There is no specific crime of domestic abuse although it can be a feature of many offences, such as assault, sexual offences or harassment. There is an offence of controlling and coercive behaviour in an intimate or family relationship which the Sentencing Council is working on a guideline for and will be published in the summer.
The new guideline which updates previous guidance published in 2006, aims to ensure that the seriousness of these offences is properly taken into account when such offences are being sentenced and that sufficient thought is also given to the need to address the offender’s behaviour and prevent reoffending.
‘Domestic abuse’ is now the term used, rather than ‘domestic violence’, to reflect that offences can involve psychological, sexual, financial or emotional abuse as well as physical violence.
The previous guideline stated that offences committed in a domestic context should be seen as no less serious than those in a non-domestic context, whereas the new guideline emphasises that the fact an offence took place in a domestic context makes it more serious. This is because domestic abuse is rarely a one-off incident, it is likely to become increasingly frequent and more serious the longer it continues, and may result in death. It can also lead to lasting trauma for victims and their children.

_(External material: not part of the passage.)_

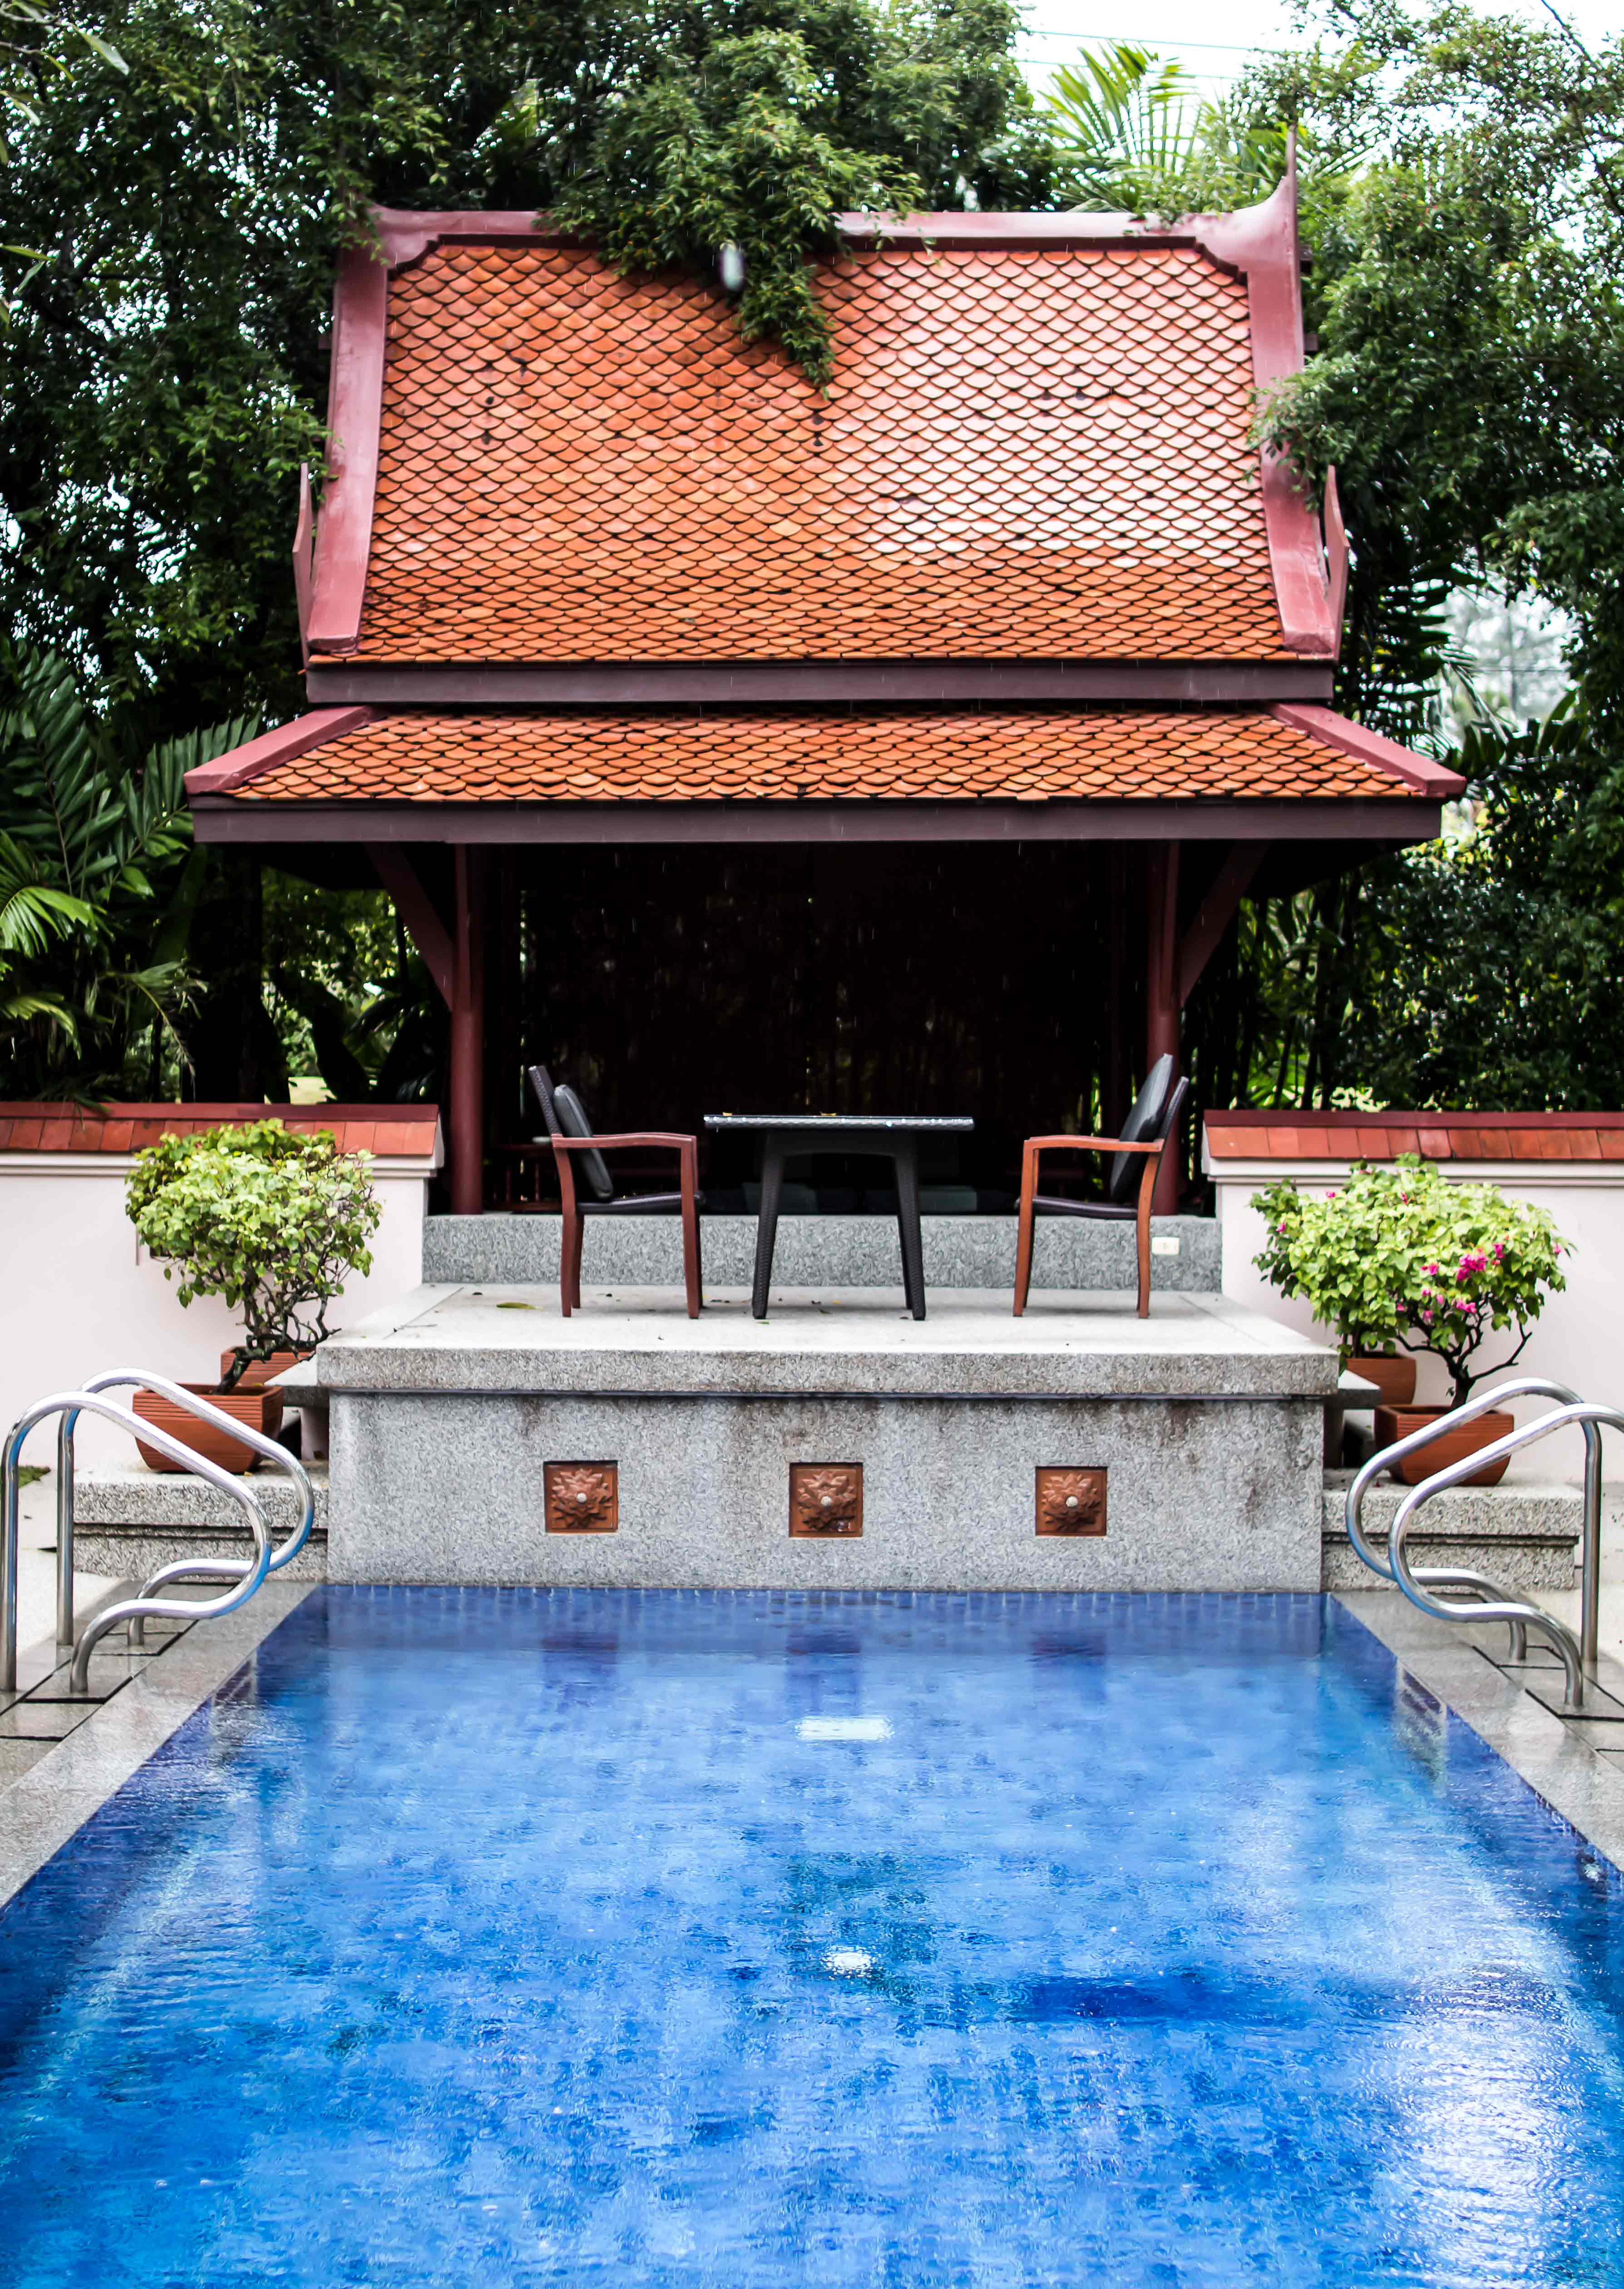 phuket Reisebericht Banyan Tree Resort Thailand für Anfänger

For the first time, the guideline also includes a reference to abuse which is perpetrated through use of technology, such as email/text, social networking sites or tracking devices fitted to a victim’s car, since these are increasingly common methods by which domestic abuse can occur. There is now additional guidance on restraining orders, along with new guidance on Victim Personal Statements.
Sentencing Council member Jill Gramann said: “Domestic abuse comes in many forms such as harassment, assault and sex offences. The increasing use of technology in offending has meant that it has also evolved in its scope and impact. The new guideline will ensure that courts have the information they need to deal with the great range of offending and help prevent further abuse occurring.”
“The guideline also emphasises that abuse can take place in a wide range of domestic settings and relationships, and that abuse can be psychological, sexual, financial or emotional as well as physical.”
The publication of the guideline follows a public consultation which also covered proposed new guidelines for a variety of ‘intimidatory’ offences, such as harassment, stalking, disclosing private sexual images, controlling or coercive behaviour, and threats to kill. The definitive guidelines for these offences will be published separately this summer.
This guideline will apply to all offenders aged 16 and older sentenced on or after 24 May 2018.